Более того, не исключено, что заодно некоторые древние вирусы “изобрели” и ДНК[156]. Ведь приспособительный смысл особенностей ДНК, отличающих ее от РНК, в том, что она чисто химически более устойчива (см. главу 8). А в условиях, когда вирионы переносились на большие расстояния водой или ветром, это могло быть особенно важно для сохранности их генетического материала. Между тем есть независимо обоснованная гипотеза, что первые клетки были РНК-содержащими — аналогично тому, как бывают РНК-содержащие вирусы[157]. Это хорошо согласуется с тем фактом, что рибосомы со всем прилагающимся к ним набором РНК и белков появились раньше, чем клеточные механизмы репликации ДНК (во всяком случае, к таким выводам приводят данные сравнительной геномики). А если первые ДНК-содержащие вирусы уже существовали в эпоху первых клеток, то... Почему бы этим клеткам не получить “ноу-хау” хранения генетической информации на ДНК прямо от вирусов? Такой обмен генами вполне возможен. Тогда получается, что взаимодействие (или даже слияние) ДНК-содержащего вируса и РНК-содержащей клетки произвело на свет ДНК-содержащую клетку — ту самую форму жизни, которая сейчас доминирует на Земле.
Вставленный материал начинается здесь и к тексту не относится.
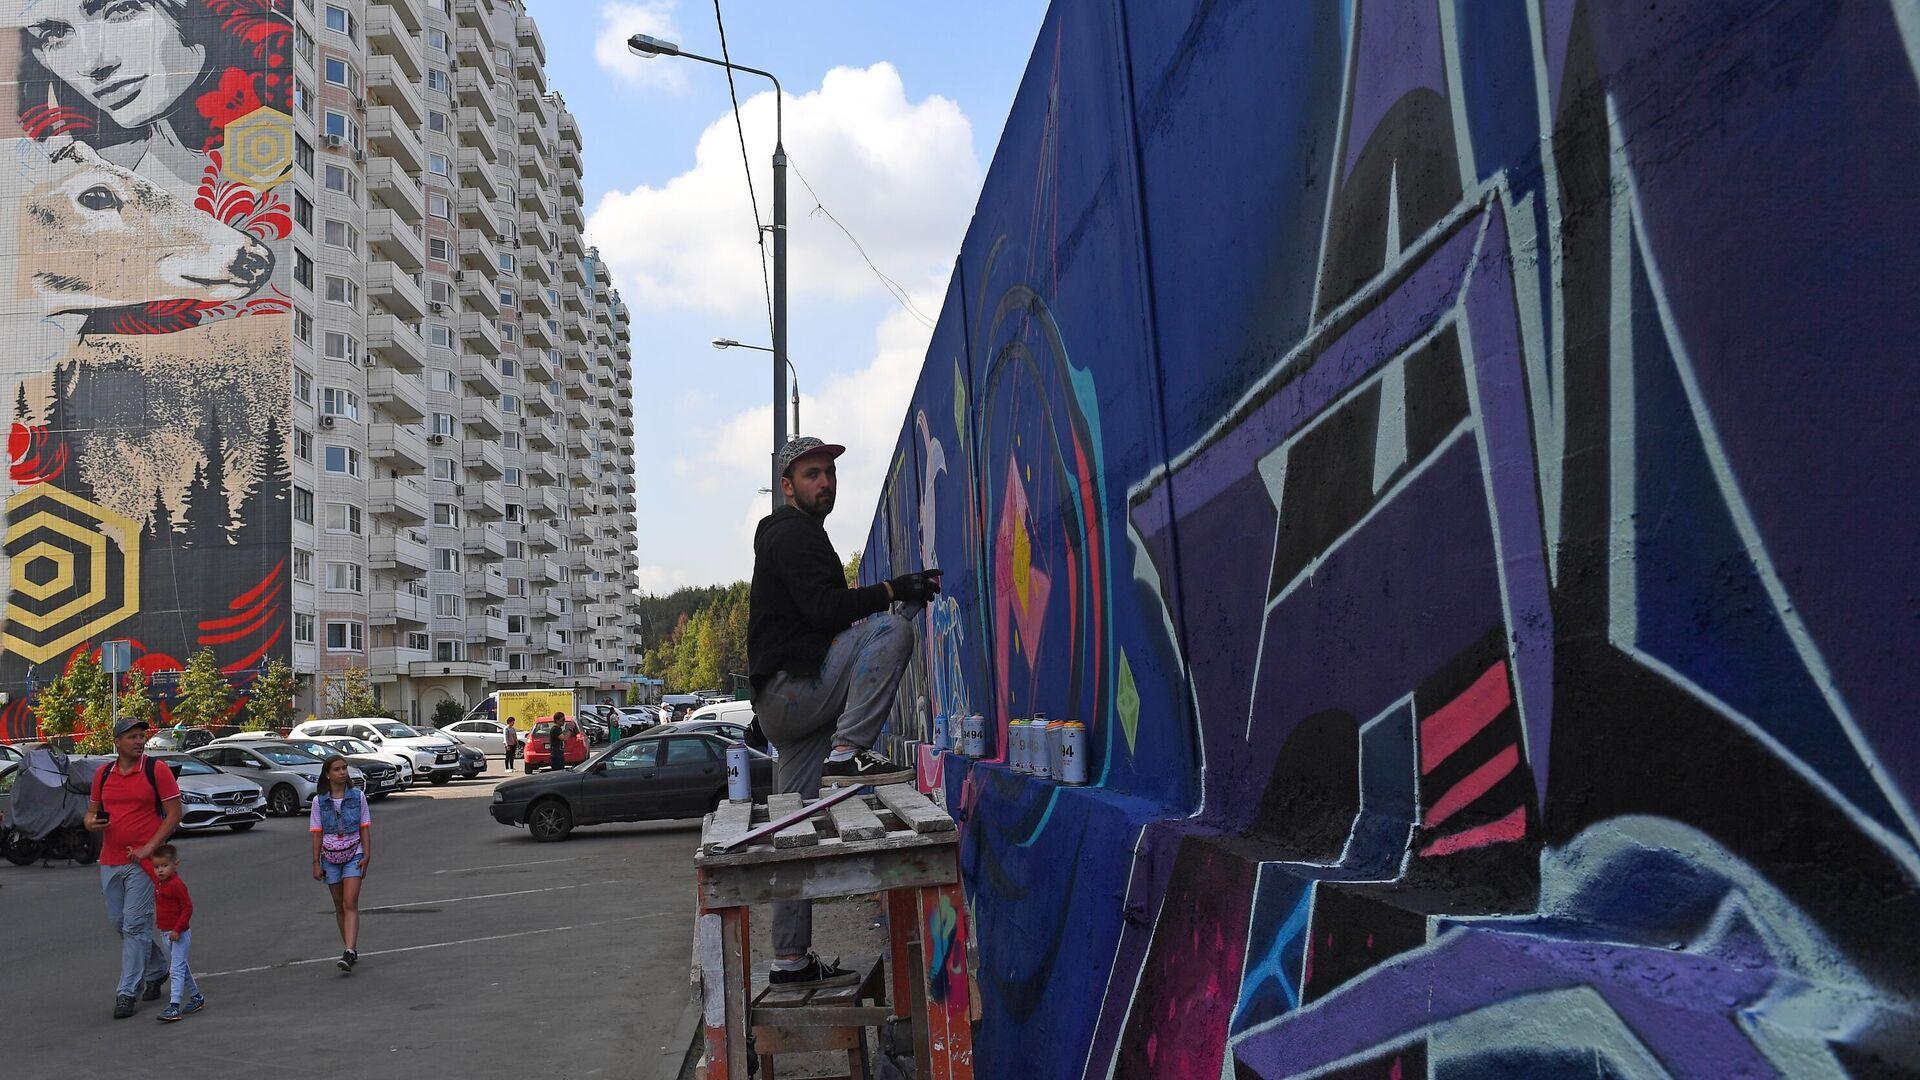 Уличный художник рисует граффити - РИА Новости, 1920, 23.06.2021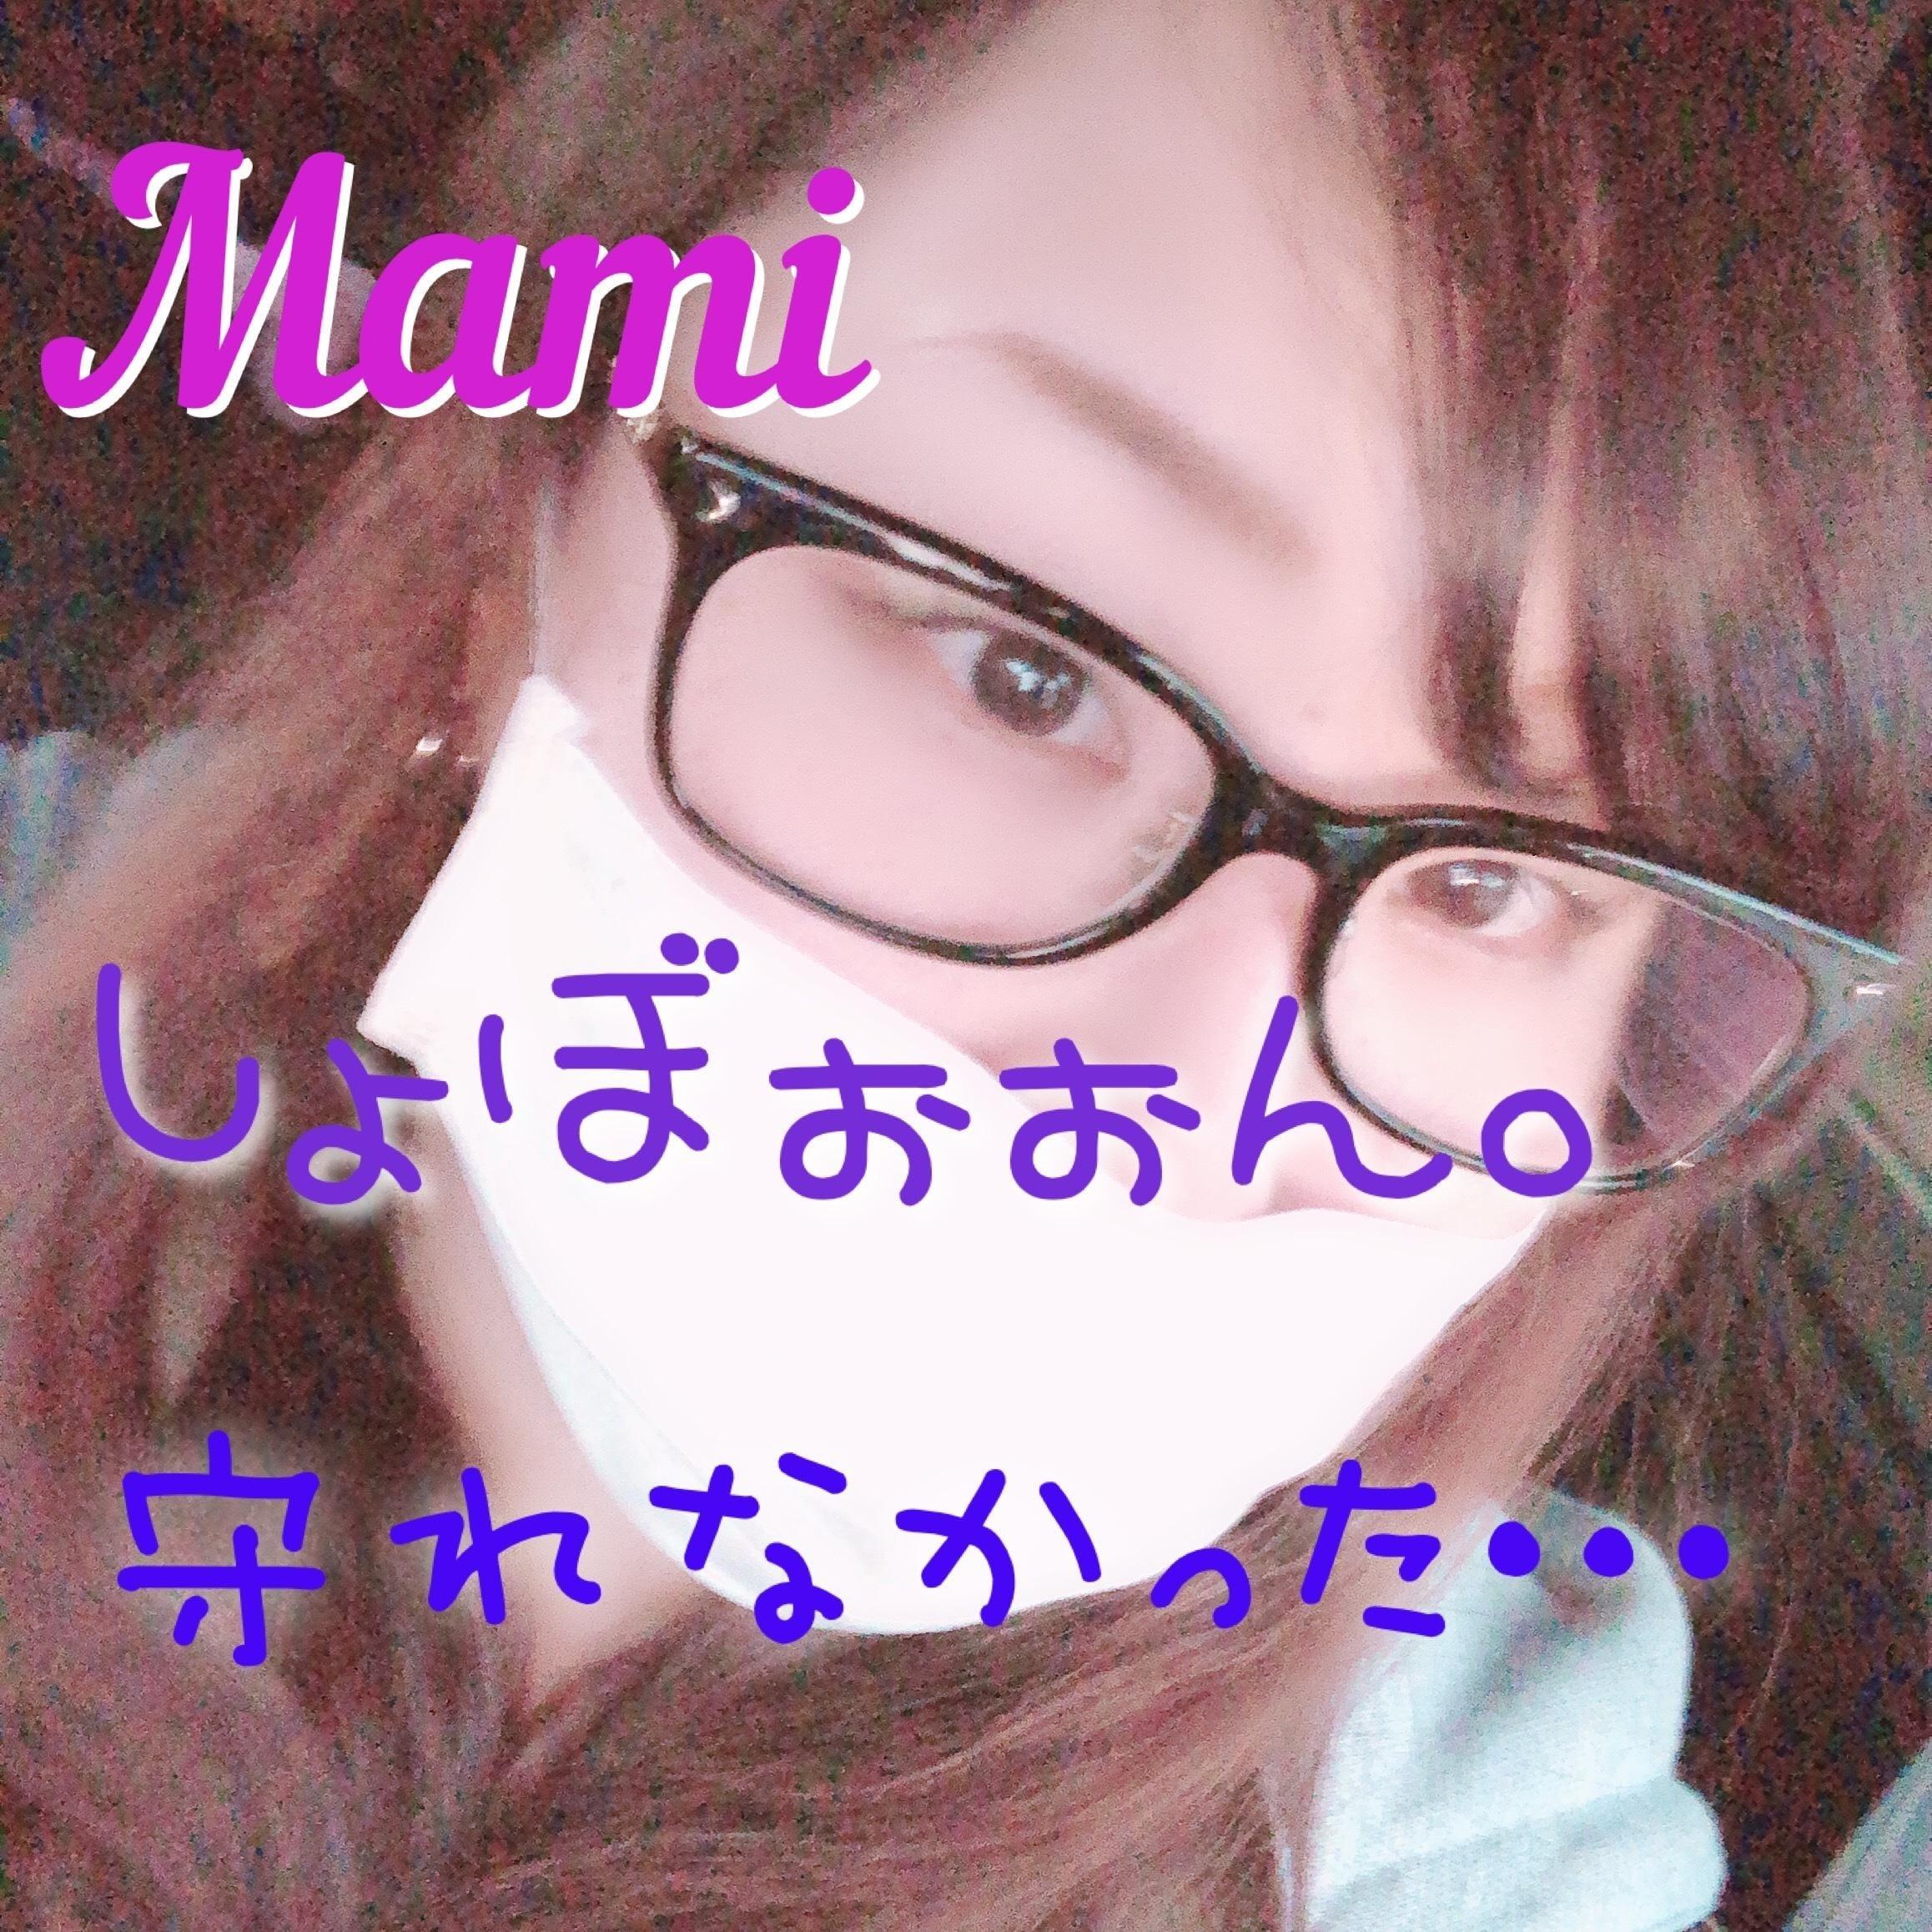 「ぷら日記?悲しい……」01/05(01/05) 03:50 | まみの写メ・風俗動画

Еще более вероятно, что некоторые клеточные организмы, а именно эукариоты, получили от вирусов механизм кэпирования информационной РНК (см. главу 10). Интрига тут вот в чем. Вирус, стремящийся подчинить себе крупную клетку, крайне заинтересован в том, чтобы его информационная РНК отличалась от обычной клеточной — например, несла на каком-нибудь своем конце специальную химическую метку. Тогда все молекулы иРНК, лишенные этой метки, можно будет разрушить, разобрав на отдельные нуклеотиды, а молекулы иРНК с меткой (принадлежащие вирусу) сохранить и направить на рибосомы, чтобы они дали вирусные белки. И в ходе эволюции вирусов такие метки действительно были “изобретены”. Например, у поксвирусов — крупных ДНК-содержащих вирусов, к которым относится вирус оспы, — к 5'-концу каждой иРНК “пришивается” мостиком из трех фосфатов особый модифицированный нуклеозид (гуанозин с добавочной метильной группой), причем “пришивается” он уникальным способом, как бы задом наперед. Поксвирусы — паразиты эукариот. А у самих эукариот, во всяком случае у современных, информационная РНК всегда помечается абсолютно так же! Собственно, эта-то метка и называется кэпом. Причем ни у бактерий, ни у архей кэпирования нет. Очень похоже, что эукариоты заимствовали этот механизм, вместе с обеспечивающими его генами, от своих вирусов[158].